Symposium
Youth - actor of social change?

Date
December 12-16, 2001

Where
European Youth Centre Strasbourg
30, rue Pierre de Coubertin
67000 Strasbourg
France

Contact
Irena Guidikova, Anne-Marie Faradji, Inge Stuer
Tel : (33 3) 88 41 23 00
Fax : (33 3) 88 41 27 77

Registration procedure
Please fill the on-line application form: http://www.coe.fr/youth/home.htm

Note that we cannot invite more than 100 participants. An early registration is therefore strongly recommended. Registration fee, payable upon arrival.

Deadline
May 30, 2001

This symposium is a key element of the Council of Europe's three year programme on Youth Participation, which focuses on issues related to the role of young people and youth NGOs in social governance, youth political involvement at local level, the emergence of new forms of social and cultural activism, and the interaction between new information technologies and political participation.

The symposium will seek to steer a debate on participation in a broad sense, looking at ways young people make a difference in their immediate environment and in social development dynamics, though their everyday behaviour at individual and group levels. The relationship between "life politics", individualisation, social fragmentation, and the shifting forms of collective identification will be explored in view of identifying those structures and mechanisms which correspond to late-modern youth's understanding of politics, democracy and solidarity.

Is the upcoming generation, in Europe and worldwide, carrying a distinctively new set of values, attitudes and lifestyles? What social changes could predictably come about as a result of this generation's activity? What are the implications for the social and political institutions as we know them?
Are we witnessing the rise of the N-Gen[eration][1] - a bunch of smart community - minded, self-determined nerds, driven by achievement, healthy lifestyles, and social change activism? Are youth trends global and how do they translate locally in the West, as well as in the transition countries in Europe and in the developing world?

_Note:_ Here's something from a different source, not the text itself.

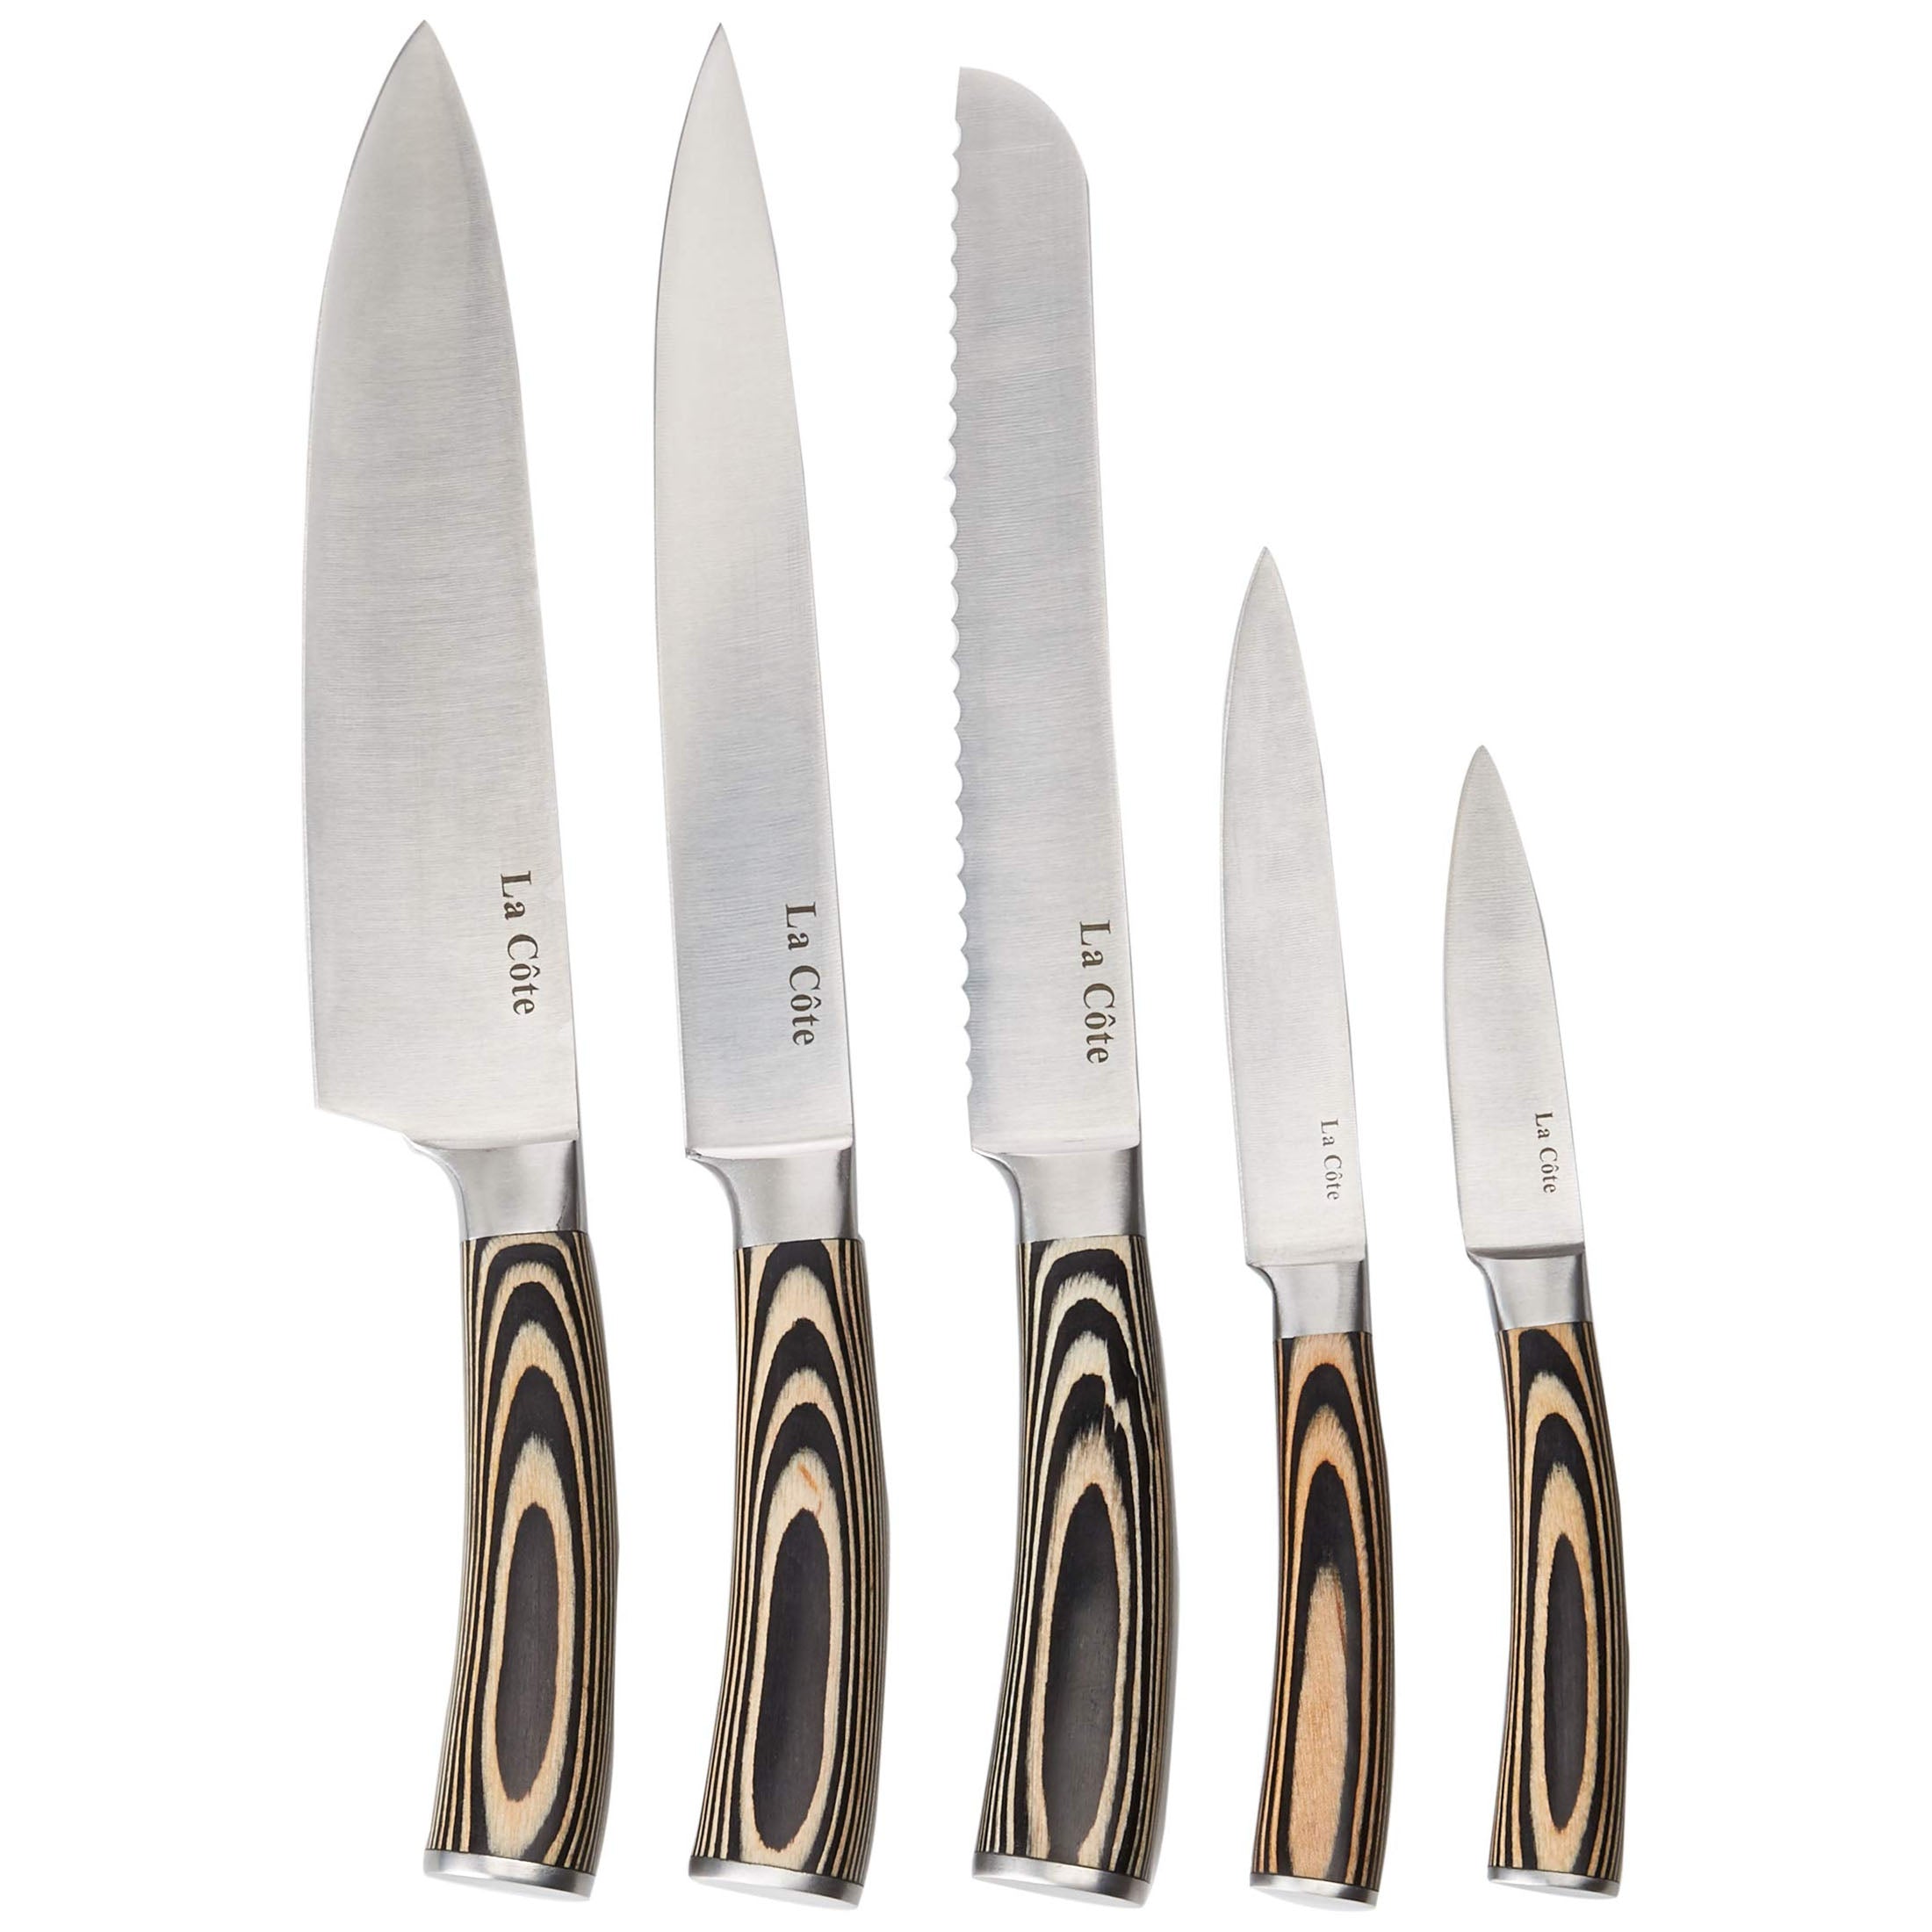 La Cote 5 Piece Chef Knives Set Japanese Stainless Steel Wood Handle with Block (Pakka Wood Zerba with Block)

What indicators allow us to measure young people's influence on social change? How do young people's action or inaction alter the landscape of knowledge, work, leisure, community and power? How do social structures and institutions favour and/or obstruct the young generation's influence?

Six workshops, designed as expert fora, will debate on the following issues:

Theorising youth: the concept of "youth" in late modernity - revisiting the concept of transition in the light of discussions on multiple and reversible trajectories, lifelong and peer learning, and the de-segmentation of life course with regard to age; youth citizenship and individualisation; social fragmentation and youth identities; globalisation and multi-cultural society.

Demography: the young generation's demographic weight, fertility rates, family patterns and roles, ethnic mix, rural-urban divide, and their implications for the inter-generational distribution of power and wealth.

Education: achievement and drop-out rates, school-to-work transitions, investment in education and training, equal opportunity policies, life-long learning opportunities, and their impact on social prosperity and stability.

Employment: the generation's employment expectations, choices and opportunities, inter-generational relations in the labour market and on the workplace, and their consequences for the economy, the social meaning of work and the work-life balance.

Culture and Lifestyle: trends in youth leisure and consumption, youth cultures and lifestyle politics and their relationship to structures and processes in education, work, family and politics.

Participation and citizenship: youth and the future of representative democracy, volunteering trends, new-age activism, local democracy and the role of the third sector, cultural participation, NIT and new forms of participation.

The symposium will primarily focus on disparities/similarities among European countries in relation to the above issues. However, we shall also invite a number of non-European participants to introduce a global perspective and identify global youth trends.

The symposium will seek to integrate several levels of discussion, ranging from policy context to social theory and practice, on the basis of the varied expertise of a mixed audience of researchers, policy professionals and youth workers. Due to the density of the programme, participants will not be expected to present individual research projects but develop intellectual approaches and address strategic issues within a give subject area on the basis of previous research, or knowledge and reflection.

However, participants are invited to prepare written contributions which will be published in the symposium's proceedings.

Working languages
The working languages of the symposium will be English and French. Simultaneous interpretation will be provided in plenary sessions and some of the workshops.

Travel costs
Travel costs of a limited number of participants could be reimbursed up to 100% . Participants will receive free board and lodging at the European Youth Centre.